Women in Typewriter Advertising

Oh go! Take your ribbons!!
The Yost does not use!
This 1908 poster for the Yost No 15 typewriter was created by Mihaly Biró (1886-1948), a Hungarian artist better known for his political posters. Born in Budapest, on November 30, 1886, Biró studied at the Iparművészeti Iskola (School of Applied Arts) in Budapest and in Munich, Berlin, Paris and London (where he was a pupil of Charles Robert Ashbee), before returning to Budapest. He joined the Socialist Democratic Party was active in the Hungarian revolutionary movement. He was the leading graphic artist of the newspaper Népszava (People’s Voice) and in 1912 designed a poster for the newspaper which became his most famous work (known as the red man with hammer). He was political poster commissar of the Hungarian Socialist Republic in 1919. 

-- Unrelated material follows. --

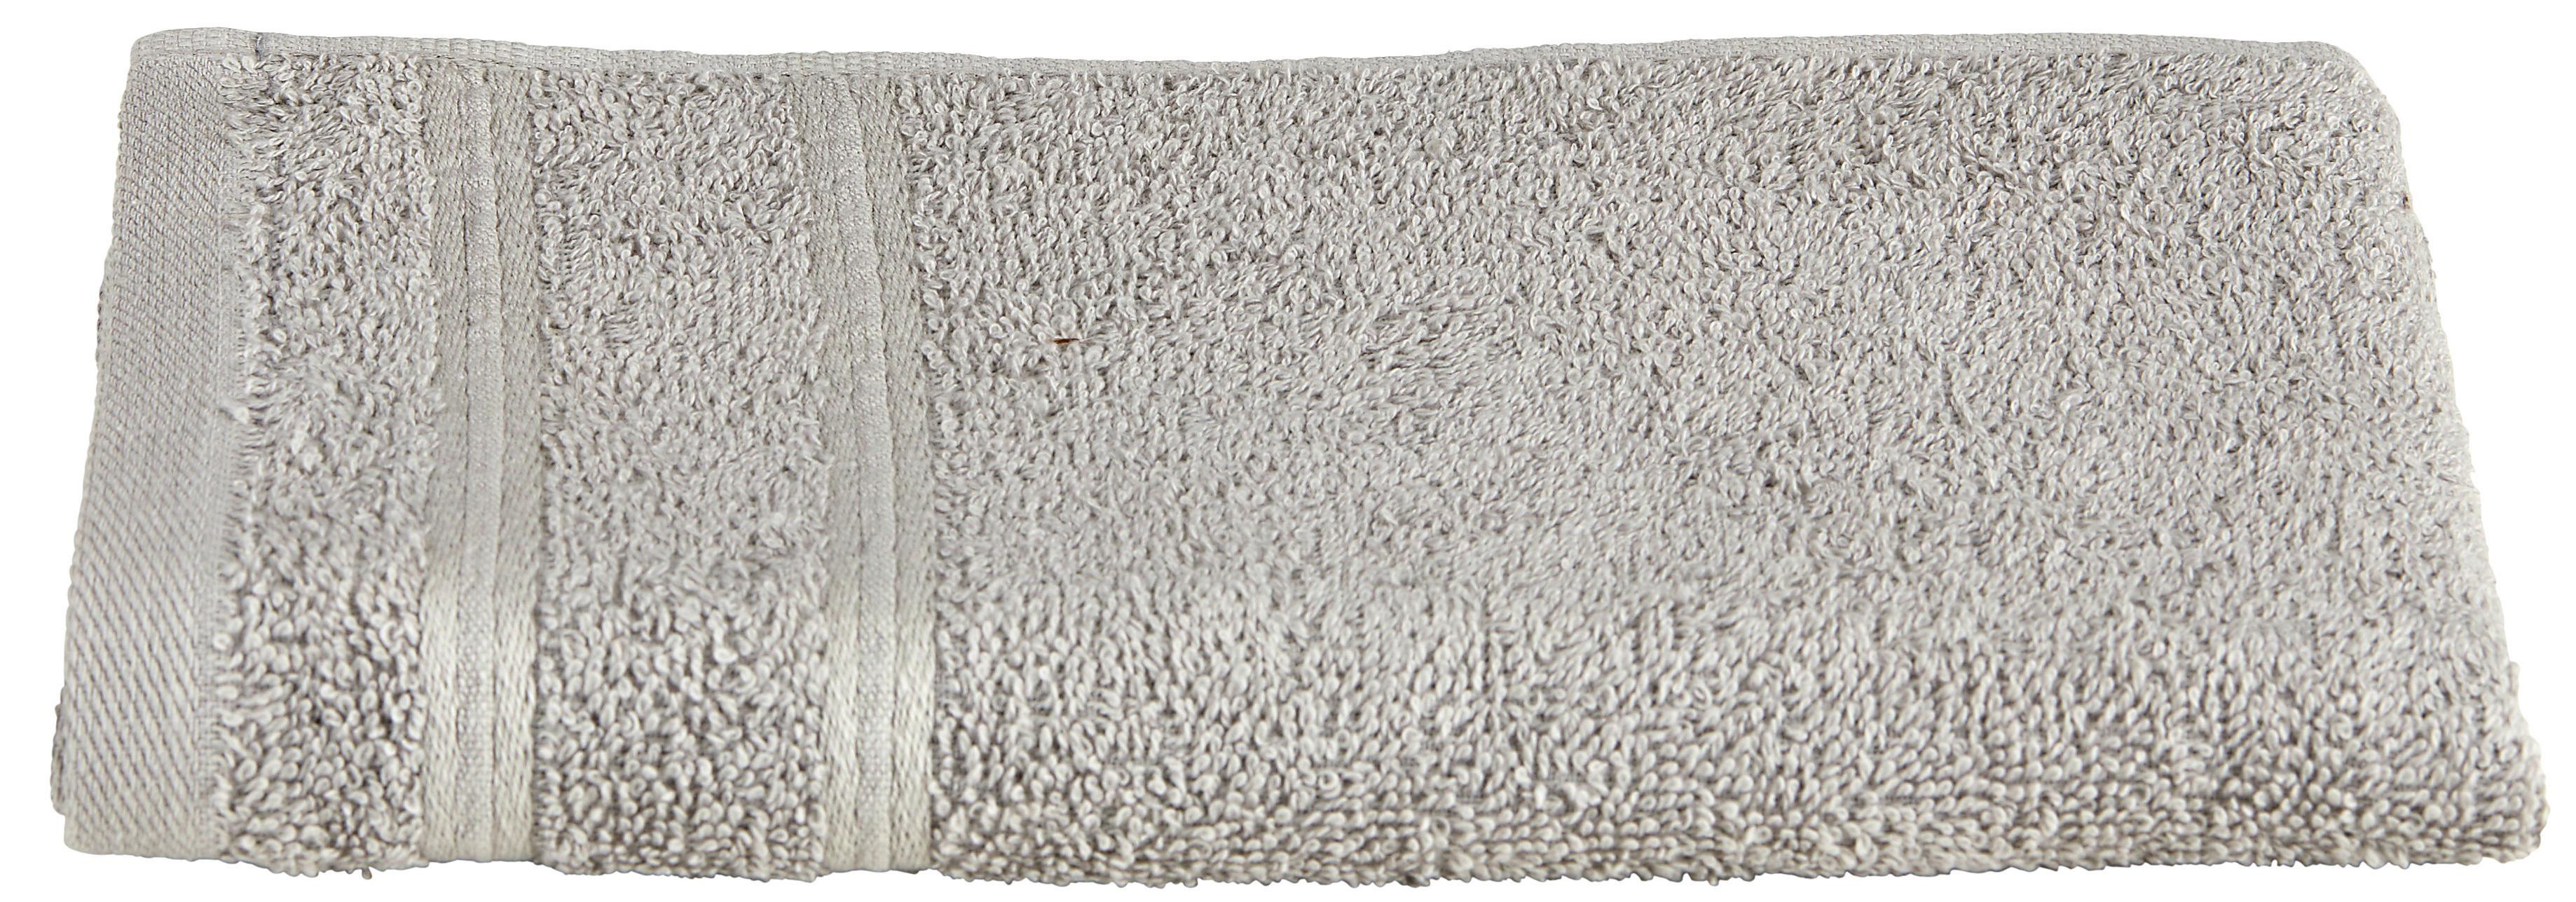 Brisača Melanie - svetlo siva, tekstil (30/50cm) - Modern Living

Anyone who can balance an Oliver typewriter on their knees while holding a dog and looking at the camera deserves the very highest commendation!
Lillian Greuze was a stage and movie actress and model from Paris. She was a protégé of Sarah Bernhardt and in December 1915 performed at the French Theatre on West 44th Street in Manhattan. Her acting career continued in France, Germany, and Italy until 1935. On her way to New York, in November 1915, she was paid $200 for a kiss on the French liner Rochambeau. Greuze was passing a collection bag for charity. She overheard a man remark that he would donate the sum in return for a kiss from her. The money went to orphans of French dressmakers killed in World War I. During World War I Greuze worked with the Red Cross at the French front in 1917. She was a nurse in a hospital at Neuilly. The hospital was run by Princess Henriette, Duchess of Vendôme and Alençon.


TonysVision said...

Whether the models are women, men, or children of any era, besides bruised knees and doggy dander, the typewriter advertising poses are always ergonomic poster children for carpal tunnel syndrome and lower back pain.

TonysVision said...

P.S. Thanks, of course, as always for the delightful images. Jocosity aside, some of those ads are lovely works of art. Oy - now i have to squint at those fuzzy numbers again!

Steve Snow said...

I can sort of imagine myself as that deranged looking dancing ribbon salesman in the first picture.